Au-delà du message qu’il peut véhiculer, le langage capillaire indique donc un statut. Dans l’imaginaire d’un sport de plus en plus fondé sur une logique capitalistique, il est l’assurance d’une forme de branding du sportif et ouvre la perspective de juteux contrats publicitaires. Réalisés à la tondeuse ou au rasoir, des signes et des symboles apparaissent désormais sur les tempes et sur la nuque des joueurs. C’est ici une étoile ou une flèche, là un ballon ou un mot… Les campagnes des différentes marques jouent ainsi de gros plans, qui assurent une notoriété au produit en même temps qu’elles augmentent celle des joueurs. Cette transformation du corps en logo est pourtant à double tranchant. Que les performances du footballeur soient temporairement de moindre valeur et reproche lui est rapidement fait de travailler davantage son image que son sport – et parce qu’il a poussé l’exercice à son maximum, Pogba a été tout particulièrement victime de ce syndrome les derniers mois. Chez lui la coupe de cheveux est toutefois indissociable de sa création d’événements dansés… C’est donc plus affaire de maîtrise d’une image générale, en lien avec les réseaux sociaux, que de la seule coiffure. La surexposition médiatique, permise par un empilement de signes comme ceux liés à une coiffure excentrique, peut d’autant fragiliser un capital d’image indexé sur la valeur nette du joueur. Les sponsors ne s’y sont pas trompés, qui imposent de plus en plus le port de casquettes de leurs marques, notamment dans les avants et les après-matches… des casquettes qui, par définition, cachent les coiffures et prennent le dessus sur elles. C’est ici le groupe industriel qui prend le pas sur le groupe équipe, la casquette qui fait écran entre le joueur et sa chevelure. Celle-ci perd alors temporairement sa valeur de medium.

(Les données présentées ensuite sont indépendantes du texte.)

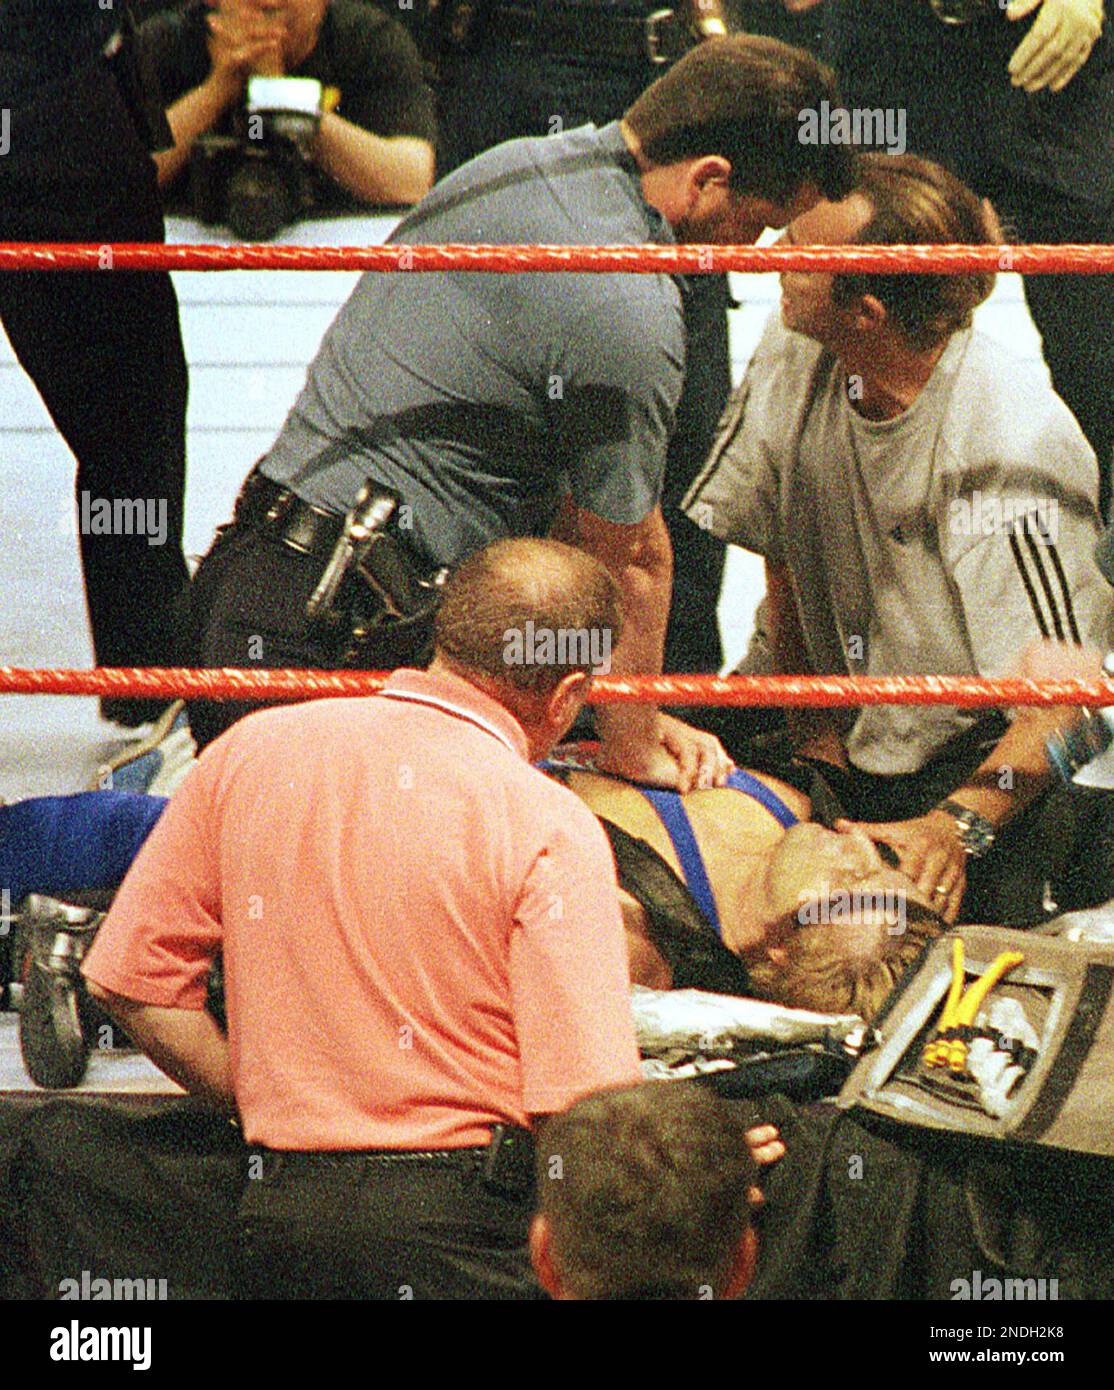 WWE star Bray Wyatt died of heart attack: report | Fox News

Dans les années 1970 et 1980, alors que le football se médiatisait de plus en plus grâce à la télévision, un joueur était souvent identifié à une coupe de cheveux pendant toute sa carrière. Ainsi en était-il allé des cheveux longs et ondulés de l’Argentin Diego Maradona ou du Français Dominique Rocheteau, en conformité, conformiste ou anticonformiste, avec les modes de l’époque. D’aucuns y verraient aussi l’image de puissance d’une chevelure à la Samson… Rapporté à une équipe comme celle des Pays-Bas, la variété têtière symbolisait aussi la diversité d’une société post-coloniale : les dreadlocks de Ruud Gullit ou d’Edgar Davids, le style cheveux raides et frange de Johann Cruyff, la coupe courte de Marco Van Basten composaient un ensemble bigarré, signe d’une société cosmopolite… Le cheveu hollandais comme un assemblage sémiosphérique collectif et comme signal intégrateur, en quelque sorte. C’était quelques années avant le fameux « Black Blanc Beur » français associé, lui, à la diversité des origines sociales et territoriales… Les années 1990 marquent le point de départ d’une période où la signature capillaire devient donc celle d’un individu. En France, Djibril Cissé est l’un des premiers à se faire remarquer par cette stratégie. Le chignon, aux innombrables déclinaisons, confine aujourd’hui parfois au pictogramme chez certains joueurs comme le Suédois Zlatan Ibrahimović… Ne sert-il pas d’ailleurs de socle à son arrogance, jusqu’à la caricature ? Parfois caractérisée, ces dernières années, par une véritable surenchère, cette démarche a conduit à des résultats jugés parfois ridicules, comme ceux du début de carrière du Français Antoine Griezmann ou ceux du Brésilien Ronaldo et de son toupet coupé ras sur l’avant d’un crâne complètement rasé par ailleurs, à l’occasion de la Coupe du monde de 2006… Certains joueurs n’hésitent en tout cas désormais plus à changer très régulièrement de coiffure, avec un renouvellement accéléré, parfois dans la durée d’une même compétition… Plusieurs coupes par Coupe en quelque sorte, pour changer de tête, au fil des tours et des phases de l’évènement.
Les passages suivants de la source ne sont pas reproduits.